The term Wikipedian does not have a strict definition, other than being a contributor to a Wikipedia article generally.Footnote 2 Registered, anonymous, administrative Wikipedians and bots are the four basic types of contributor. Registered Wikipedians create an account on Wikipedia, and their contributions are explicitly tagged in the article history using their account. Anonymous Wikipedians do not provide any registration information, and their computer’s IP address is used in lieu of an account. “Bots” and other administrative Wikipedians are both special cases of registered accounts, but they have additional access or permissions to edit articles. The overwhelming majority of Wikipedians do not collaborate with each other in a traditional sense. They do not often discuss their contributions with others (Viégas et al. 2007a) and as such form a loosely collaborative, online collective authorship. The most active segments of the Wikipedian population are 91,817 Wikipedians with at least five contributions per month and 1,076,908 Wikipedians with at least ten contributions total (Zachte 2010b). The “long tail” has 21.1 million Wikipedians, each of whom have less than ten contributions total.

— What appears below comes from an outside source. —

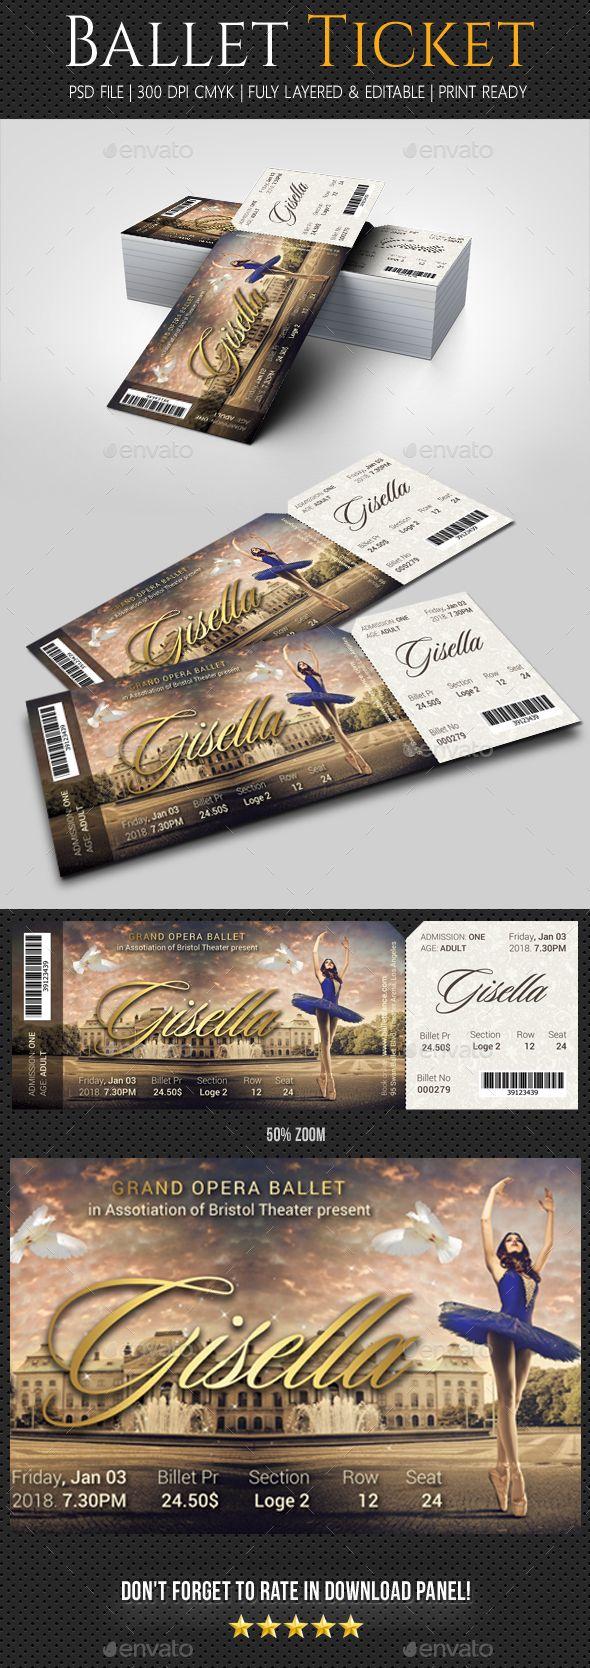 Ballet ticket

Although authorship processes are largely invisible to readers, the authors themselves struggle to control article content around information types, responsibility, perspectives, organization, or provenance and creation (Miller 2005; Sundin and Haider 2007). Wikipedia provides complete article histories for those readers wanting detailed authorship information. WikiScanner, for example, is a data-mining tool that extrapolates from article edit histories the location or affiliation of anonymous authors (Griffith 2007). But the utility of explicit authorship information is debatable. As summarized by Viégas (2005, p. 61), on the one hand explicit authorship information may be “an important part of social collaboration in the sense that it adds context to interactions,” and on the other hand it may be “irrelevant and sometimes even detrimental to the creation of truly communal repositories of knowledge.”

In fact, the success of Wikipedia and other “user-generated content” Web services (O’Reilly 2005) has challenged academic theories of production. Benkler (2002) argues that in terms of economic models of production, when the efficiency gains of “peering” exceeds the costs of organizing human capital into a firm or market, a commons-based peer production system will emerge. Its advantage is based not only on reduced costs of human capital and communications but also on the nonrival aspects of Web-based information artifacts—i.e., many people can read (consume) a webpage simultaneously without degrading its value. This effectively eliminates allocation costs to consumers and increases the pool of potential contributors, which mitigates effects from free riders.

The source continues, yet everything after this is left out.